来源：互联网发布：java.long.ill 编辑：程序博客网时间：2024/06/05 04:09

英语不太好，但是还是尽量用英语表达观点。重点地方，加中文注释。

（一）数据挖掘基本问题：

Data mining is just a research about how to mining the information from huge data. Four kinds of problem will be study in this filed.

(1) Classification:

you already have a lot of data and you know which data is in which group(it is also called Training Set). Now your task is find the common feature about a group

which makes it distinguish with another group.(it also means in the feature vector space, the different group point must be as far as possible )

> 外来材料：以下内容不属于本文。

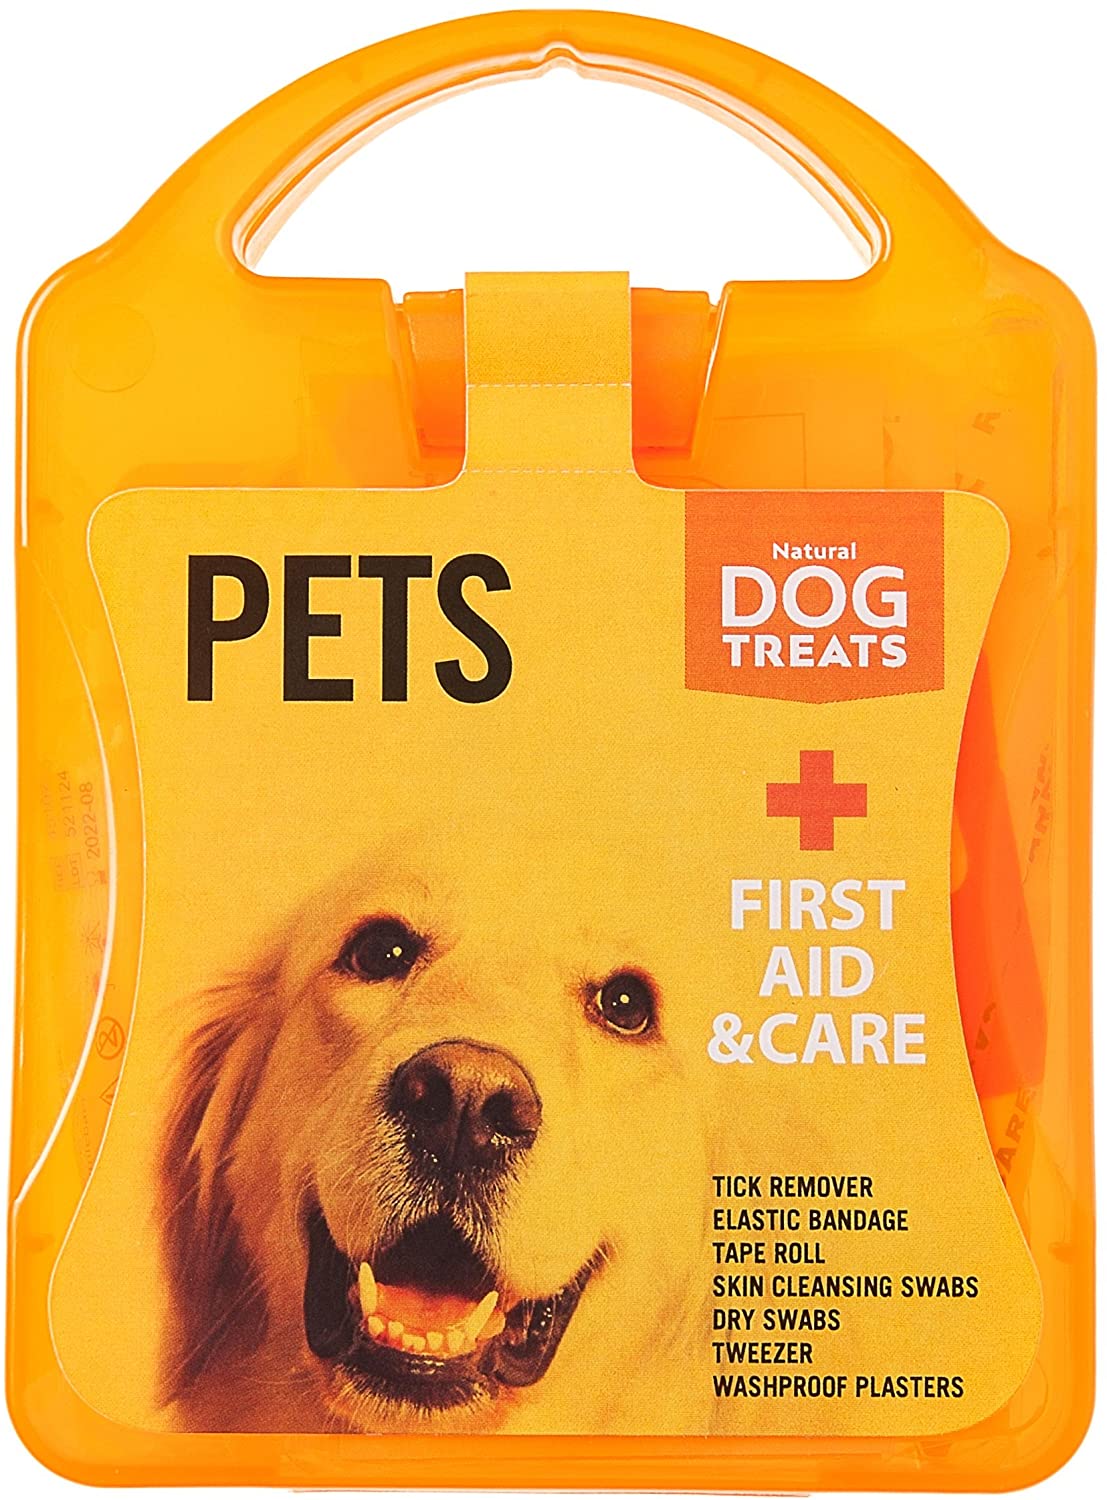  Natural Dog Treats Premium Botiquín de Primeros Auxilios para Perros y Gatos, Extractores de Garrapatas, Toallitas, Vendajes

And then, you can use this featrues to create a decision tree to classify the new coming data. The difficulty is how to find this features.

(2)Cluster:

you now have a lot of data and you know little about then. Now make a decision how many groups exsits and for a data ,which group it will be.

（聚类：即将一堆数据划分为几个特定的类。比如有一堆新闻网页，你根据其title，可以将他们划分为政治、娱乐、体育、经济、科技类）

(3) 关联规则(assosiation or relationship)：

find if relationship exists between two data attributes. It often be used in electric business.

(发现不同数据中是否存在关联的特征，比如西方社会中买了尿布的人往往会买啤酒<和西方家庭生活有关>)

(4) 数据预测 (forecasting)

using the data in you hand, forecast the next data.

（二）数据挖掘的基本方法：

(1) classification:

decision tree: it is just a big name.Indeed it is a simple concept. If a decision tree be created ,you can easily solve the problem. As a coder's mind, it just a pile of

if...else sentense. Whereas it is an important topic about how to create a decision tree.

（决策树：一个唬人的名字。如果决策树被建立，则问题很简单。在程序员看来，就是一堆if ....else语句而已。但是如何建立一颗好的决策树，比较困难。（比如：如果一个角大于90度就是钝角，如果等于90度就是直角，如果小于90度就是锐角。这就是一颗决策树。你完全可以编程实现。）

（分类的意义在于，他们会用其他共同的特征，不仅仅是90度这一个）

神经网络:通过调整单元之间的连接强度，以响应外部提供的数据。问题在于学习过程比较慢，学习的知识很难理解。

(2)聚类方法：有一堆聚类方法，以后慢慢总结。

(3)关联规则：未知(unknown)

(4)数据预测：未知(unknown)